Modulating Thermal Conductivity via Targeted Phonon Excitation

TL;DR

This paper introduces a quantum approach to modulate thermal conductivity by selectively exciting phonons, demonstrating significant tunability in graphene and nanoribbons through computational methods, advancing quantum heat conduction control.

Contribution

The study presents a novel quantum strategy for modulating thermal conductivity by targeted phonon excitation, supported by ab initio and molecular dynamics simulations.

Findings

Thermal conductivity of graphene can be tuned from 1559 W/m-K to 4093 W/m-K.

The approach is effective for graphene nanoribbons.
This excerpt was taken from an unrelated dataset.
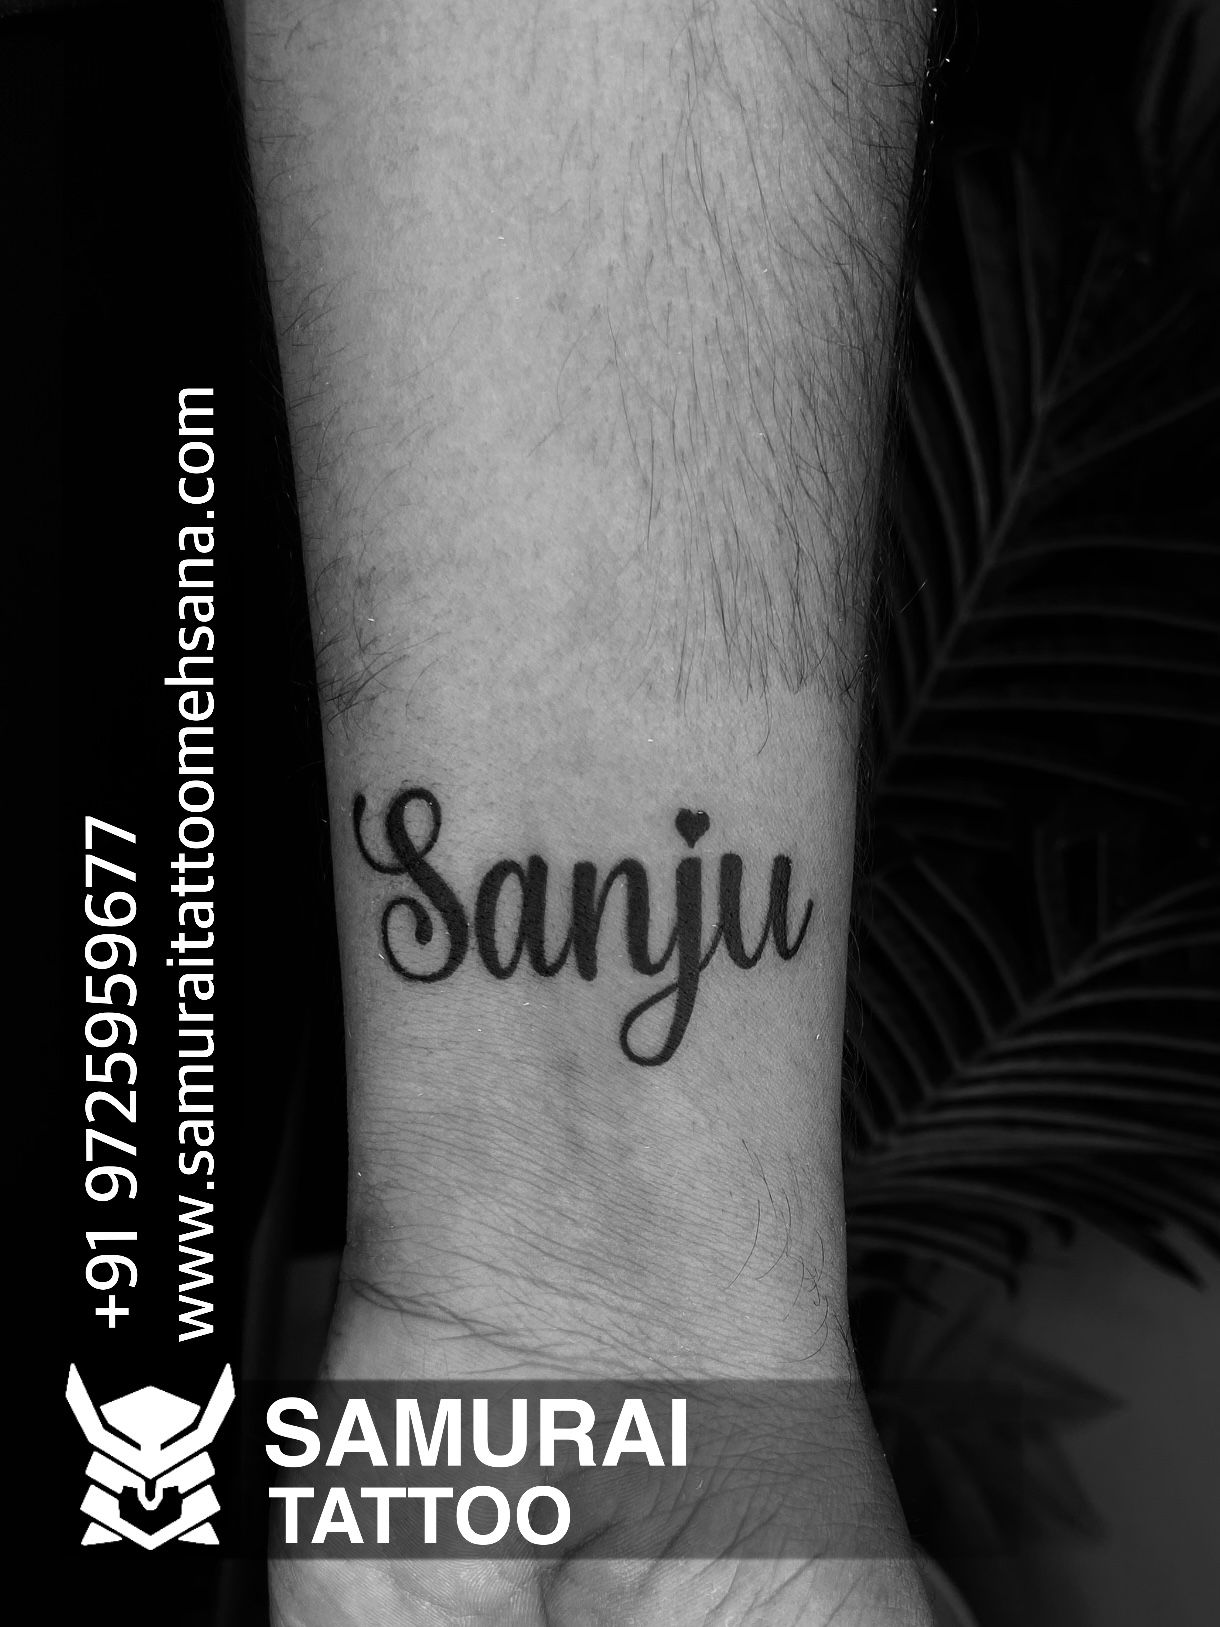 Shiva Tattoo Studio   2 in 1 name and and sanju name tattoo  shivatattoostudio 7778087786  Facebook

Results are obtained through ab initio calculations and molecular dynamics simulations.

Abstract

Thermal conductivity is a critical material property in numerous applications, such as those related to thermoelectric devices and heat dissipation. Effectively modulating thermal conductivity has become a great concern in the field of heat conduction. In this study, a quantum strategy is proposed to modulate thermal conductivity by exciting targeted phonons. The results show that the thermal conductivity of graphene can be tailored in the range of 1559 W/m-K (49%) to 4093 W/m-K (128%), compared with the intrinsic value of 3189 W/m-K. A similar trend is also observed for graphene nanoribbons. The results are obtained through both ab initio calculations and molecular dynamics simulations. This brand-new quantum strategy to modulate thermal conductivity paves a way for quantum heat conduction.